# firefox 3: supprimer des dossiers marques pages ??



## Anonyme (23 Juin 2008)

bonsoir

je voudrais supprimer ces 3 elemens de la barre marques pages de firefox 3:

- Barre personnelle
- marques recemment
- etiquettes recentes


est ce possible et si oui, comment?

merci d'avance


----------



## richard-deux (24 Juin 2008)

enzo0511 a dit:


> bonsoir
> 
> je voudrais supprimer ces 3 elemens de la barre marques pages de firefox 3:
> 
> ...



Bonjour,
Pour supprimer les liens dans la barre personnelle, les marqués ... il suffit d'aller dans Marque-Pages -> Organiser les Marques-pages puis une fenêtre s'ouvrira.

Ensuite, tu choisis, "barre personnelle sur le coté gauche et tu choisis les liens que tu souhaites supprimer et tu cliques sur "supprimer " dans le menu (ou sur la roue crantée et choisir "supprimer").

Voilà. 

Note du modo : les problèmes sur les logiciels "internet", on en parle dans "Internet et réseau. On y va !


----------



## Anonyme (24 Juin 2008)

non, je sais comment supprimer des marques pages

ce n'est pas ca le probleme

c'est d'effacer le dossier en lui meme ainsi que les 2 autres elements


----------



## Mobyduck (24 Juin 2008)

Marque-Pages >> Organiser les marque-pages puis tu sélectionnes les dossiers qui se trouvent dans Menu des marque-pages et les supprimes (hormis Barre personnelle). Non?


----------



## GraphiqueDesign (24 Juin 2008)

... pour certains dossiers, clik droit (ctrl/clic) sur le dossier et supprimer dans menu contextuel !!!


----------



## Mobyduck (24 Juin 2008)

Je crois que c'est de ces dossiers dont il est question:





Et pour les supprimer, tu es obligé de passer par le menu _Organiser les marque-pages_.


----------



## Anonyme (24 Juin 2008)

bah ca marche pas justement, j'ai essaye avant de poster

c'est ca le probleme

ces 3 dossiers ne peuvent etre supprimer 

d'ou ma question pour une bidouille technique

merci


----------



## Mobyduck (24 Juin 2008)

Qu'elle bidouille?  





Marque-Pages >> Organiser les marque-pages, ensuite un clic sur _Menu des marque-pages _ (et non dérouler le menu) et enfin suppression.


----------



## Anonyme (27 Juin 2008)

tu n'as pas compris 

je veux les supprimer definitivement

les elements recents, ca se supprime et ca revient...
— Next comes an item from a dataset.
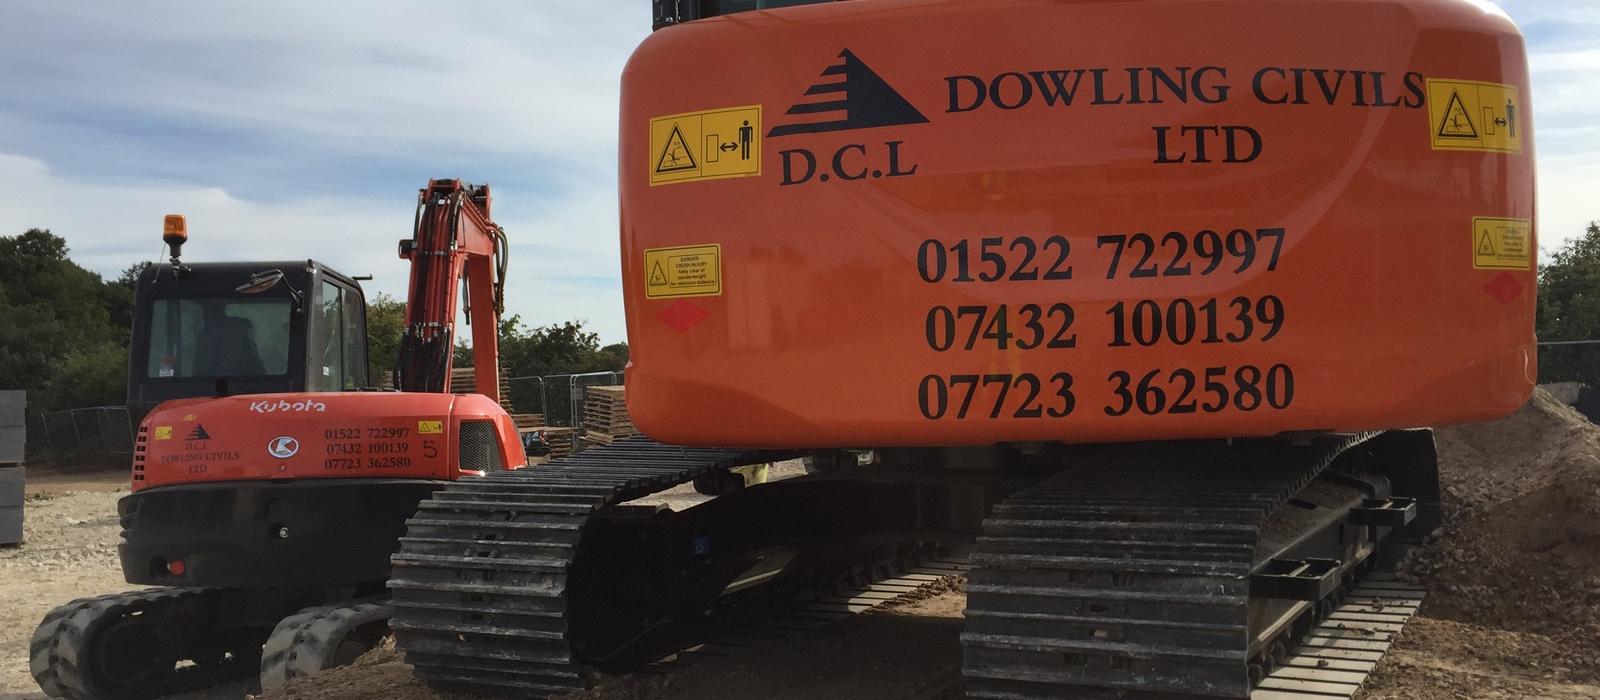 Civil Engineers Lincolnshire - Dowling Civil Engineering Ltd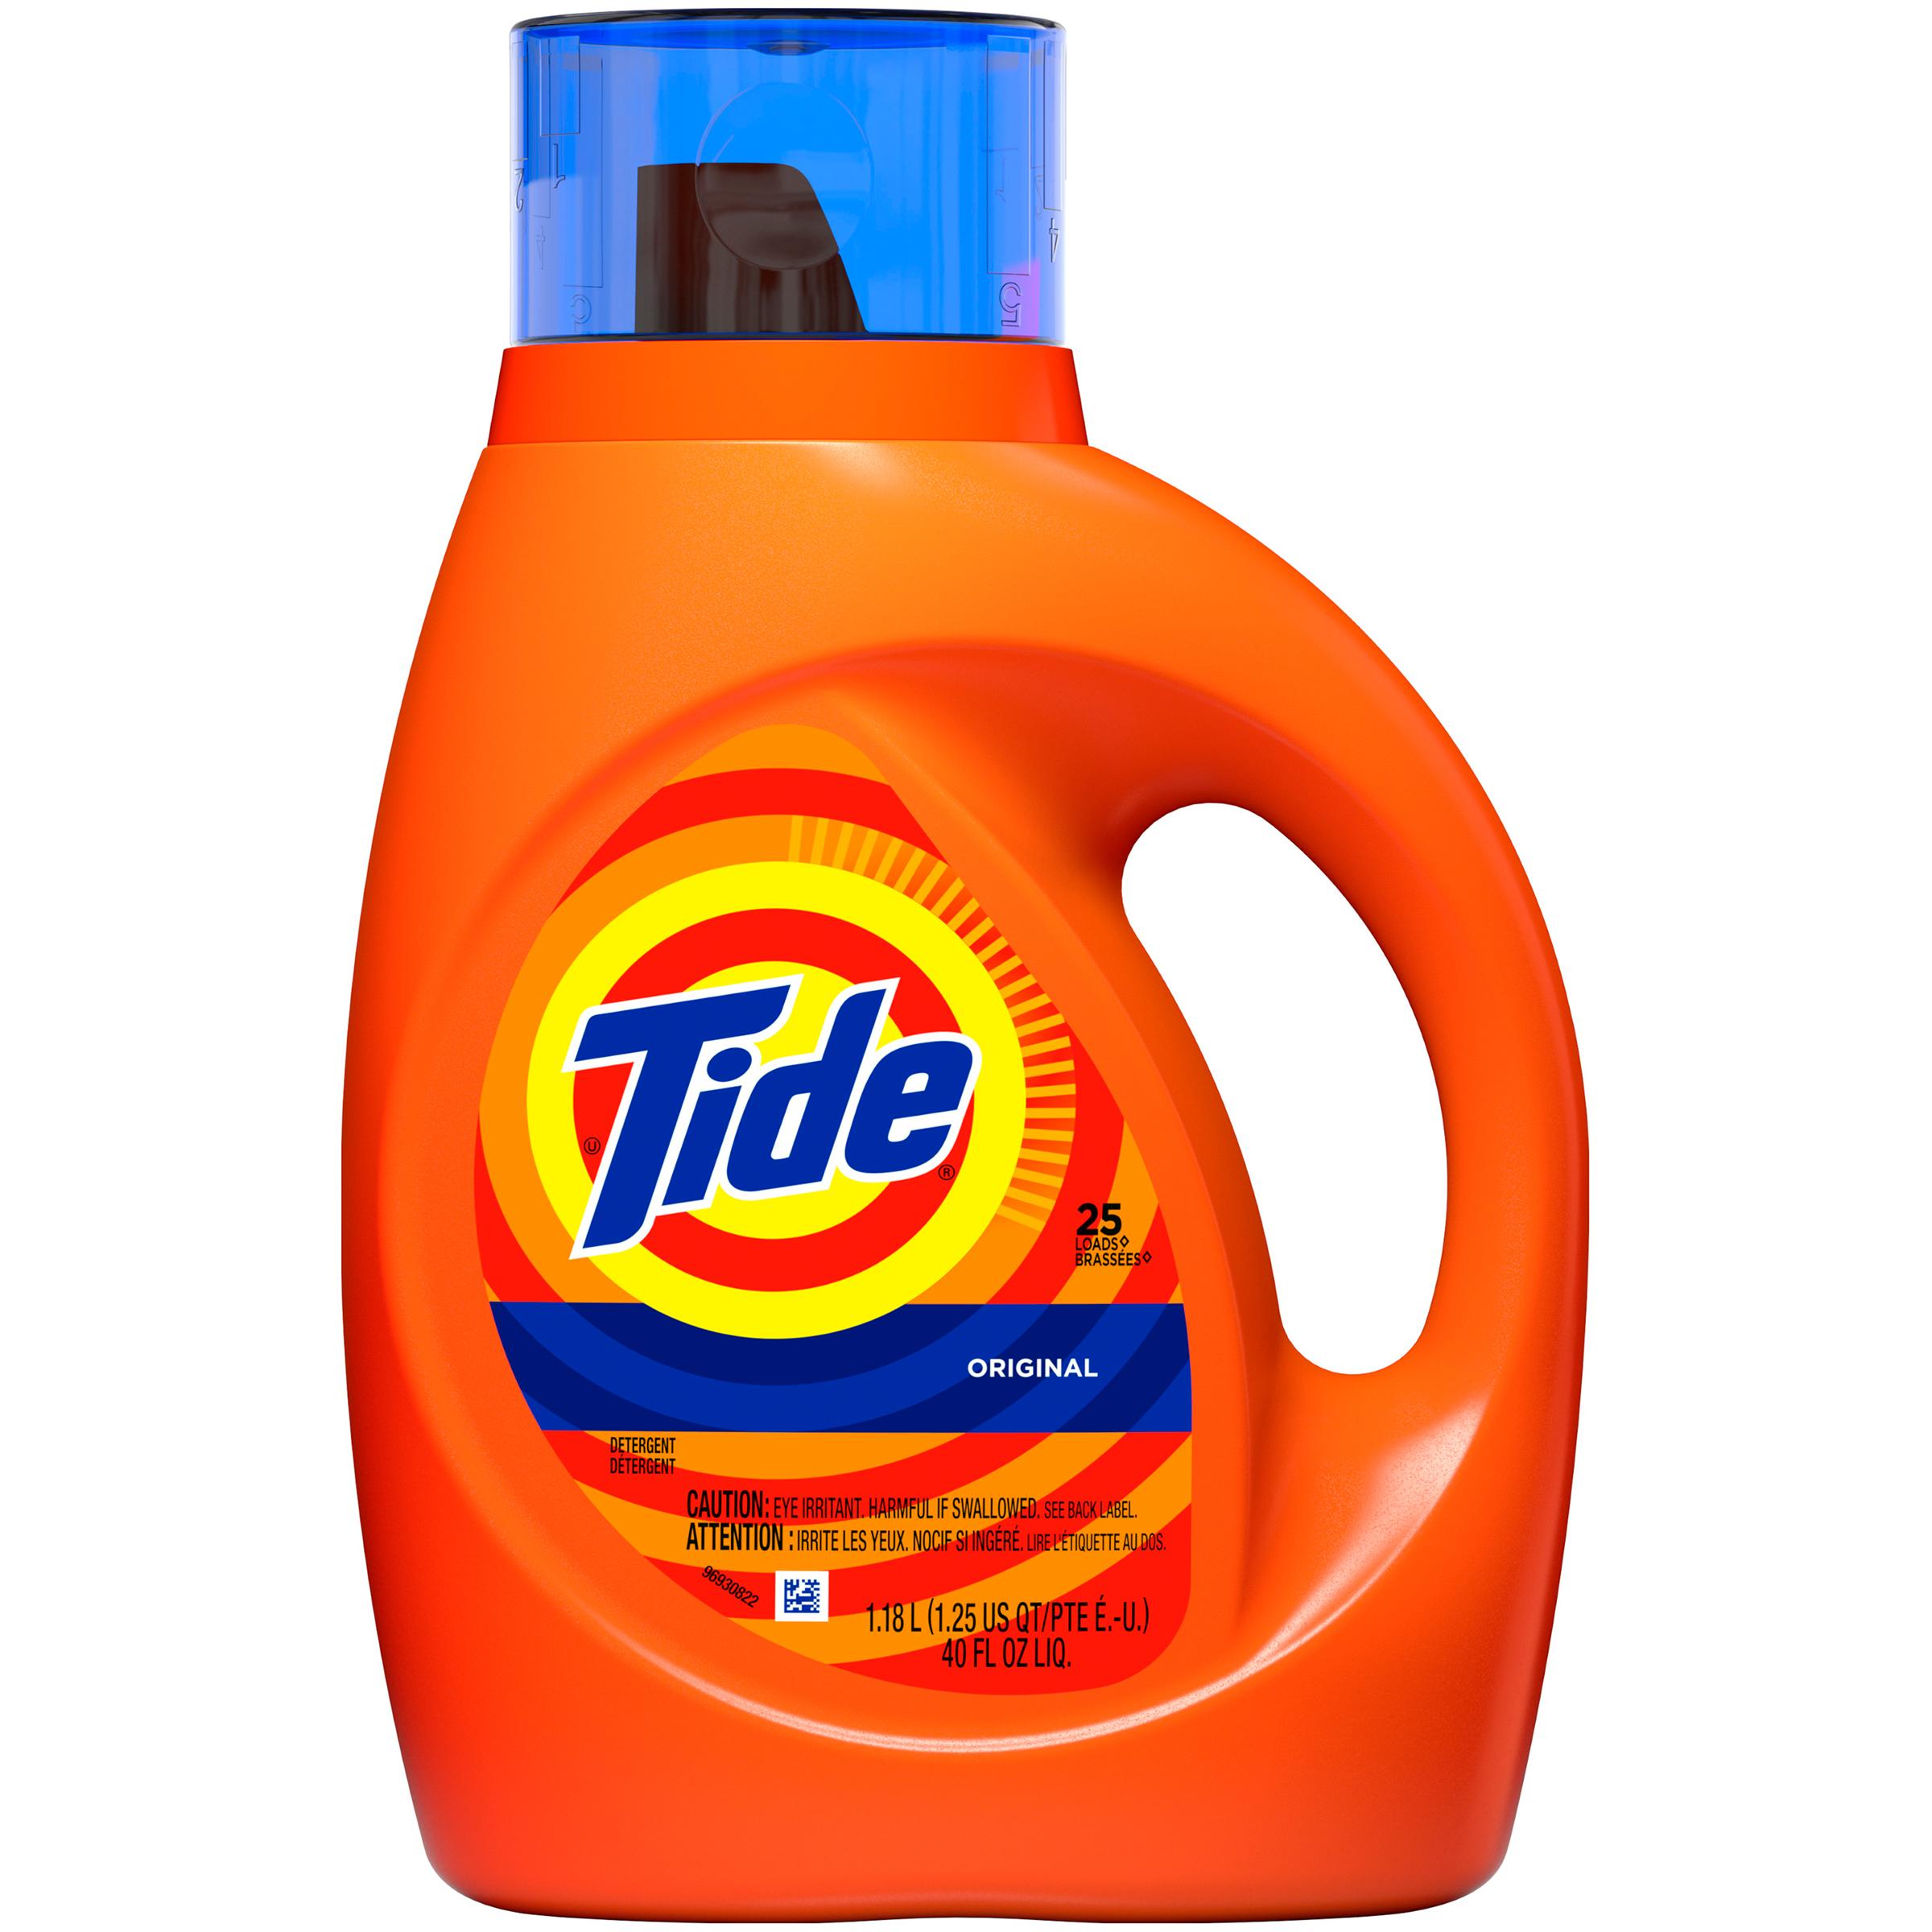 Tide Liquid Laundry Detergent, 40 Fl Oz (118 L

et le dossier barre personnelle, on peut pas le supprimer du tout de cette facon


----------



## Mobyduck (27 Juin 2008)

Il doit être bizarre ton Firefox, chez moi les dossiers ne reviennent pas. Par ailleurs, je t'ai signalé dans mon premier message que _Barre personnelle_ n'était pas supprimable.


----------



## didaf (28 Juin 2008)

je suis d'accord avec toi enzo
barre personnelle n'est pas supprimable NI modifiable avec FF3 alors qu'on pouvait au moins la renommer avec FF2 et on ne peut même plus enlever les séparateurs ...
moi , j'aime pas un menu marque pages à rallonge!!!


----------



## Anonyme (28 Juin 2008)

je me demande si je vais pas revenir sous ff2

je deteste qd un soft m'impose des reglages inchangeables


----------



## JPTK (7 Juillet 2008)

Comment se fait-il que quand j'importe mes signets safari, que je les glisse ensuite dans la barre à gauche, ils se mettent à chaque fois en classement de Z à A, j'ai beau modifier le classement, ça ne change rien, pourtant on voit bien à droite qu'ils sont classés de A à Z mes dossiers !


----------



## Mobyduck (7 Juillet 2008)

Clic droit sur _Menu des marque-pages_ >> Trier par nom?


----------



## JPTK (7 Juillet 2008)

Mobyduck a dit:


> Clic droit sur _Menu des marque-pages_ >> Trier par nom?



:rose::rose::rose:

MARKI


----------



## Mobyduck (7 Juillet 2008)

Pas de quoi.


----------



## mobster (25 Mars 2011)

J'aimerai savoir s'il existe une solution (ou un navigateur) qui permettent de faire un clique droit directement dans le menu marque page afin de pouvoir organiser ces derniers sans passer par la fênetre "gestion des marque page".
merci


----------